Cancer wrote: Wed Jun 26, 2019 6:13 pmI simply meant that there is a common tendency to unthinkingly elevate the world-description of some natural science (physics, biology...) into the "truest truth" at the expense of the social sciences, or even of (usually other peoples') personal experience. (...) As I see it, there is bad, scientistic metaphysics without bigotry, but not bigotry without some form of bad metaphysics, be it conscious or not.


You might have guessed this already, but I partly blame the "religion of science" here. Once again, like Cato, I'd ask that the implicit amorality of science would be realized to be like the most common bad religion of the modern Western society. Or at least European, perhaps in the US there really are enough "tents" also for these mummified relics, to be afraid of them being revived to unlife.
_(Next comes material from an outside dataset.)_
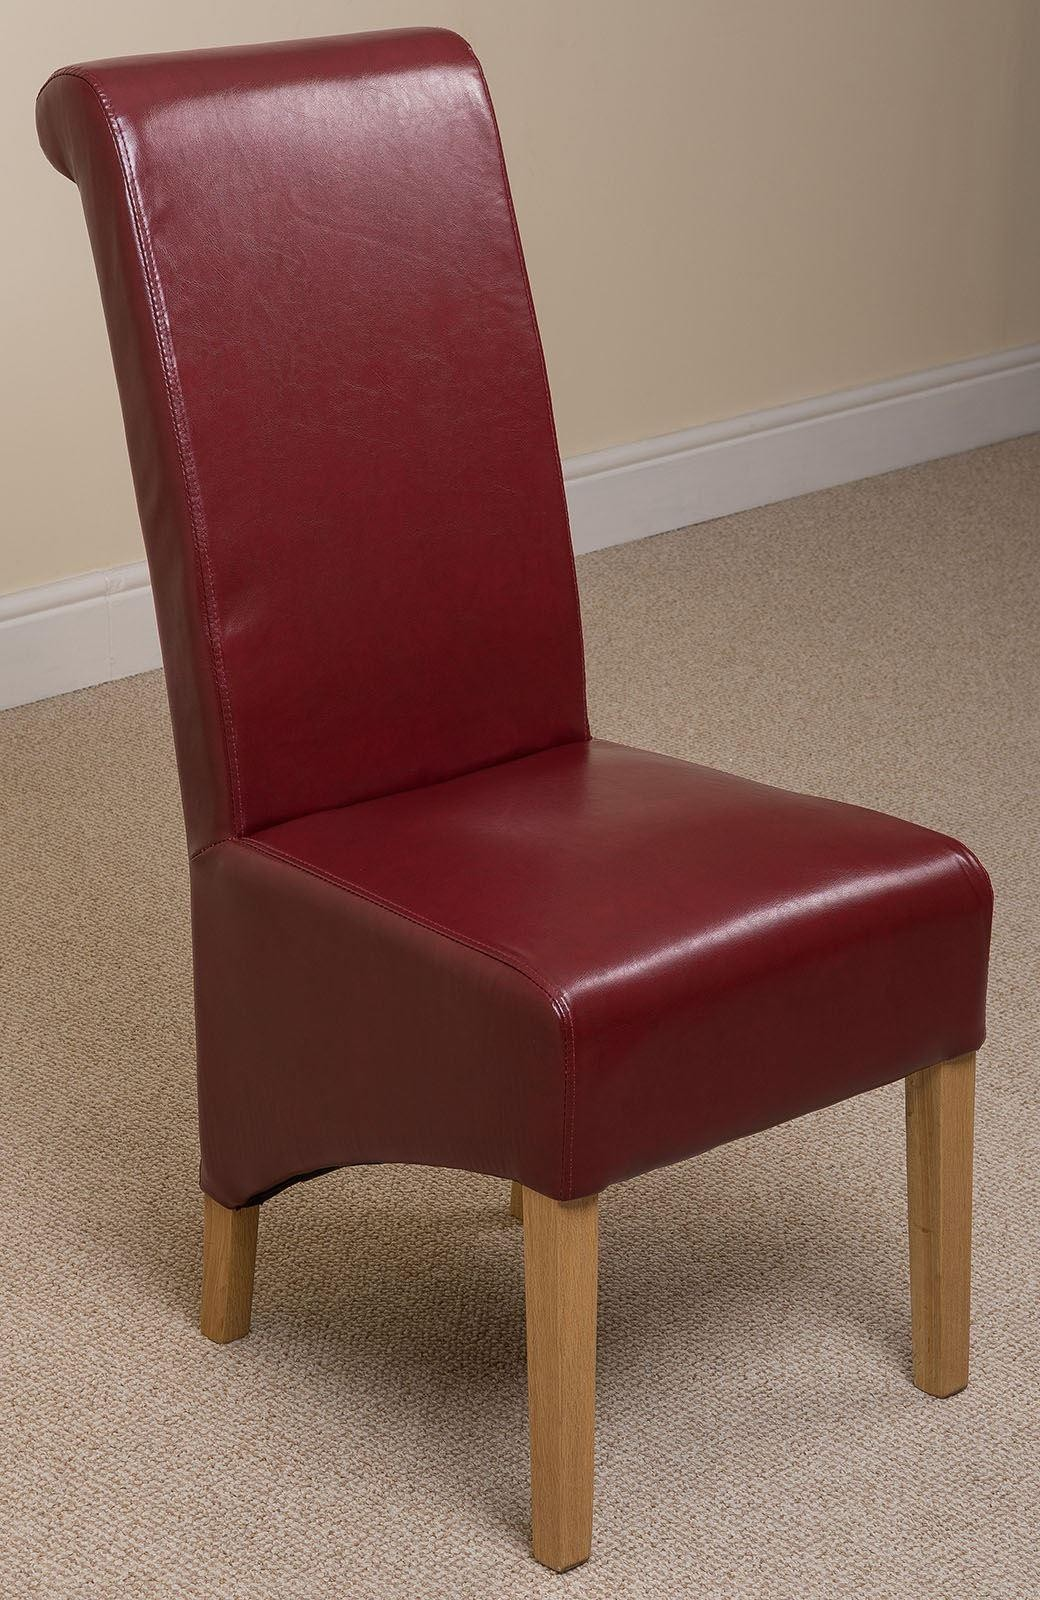 Montana Dining Chair Burgundy Leather Modern Furniture

But in Europe, our moral problems stem often from the idea that "science/physics is more real than philosophy", and – O humanity! – philosophical statements are then drawn from these scientific ideas...!

Cancer wrote: Wed Jun 26, 2019 6:13 pmI confess that some of my more pessimistic perspectives on these issues probably originate with my tendency to spend unhealthy amounts of time in the slimier corners of the internet.


I certainly hope there's a sweet spot of living informed and not losing hope also in our internet era. But if there is, I'm afraid it is quite tiny and requires quite a lot of scorpion swamp adventures before found.
Faust: "Lo contempla. / Ei muove in tortuosa spire / e s'avvicina lento alla nostra volta. / Oh! se non erro, / orme di foco imprime al suol!"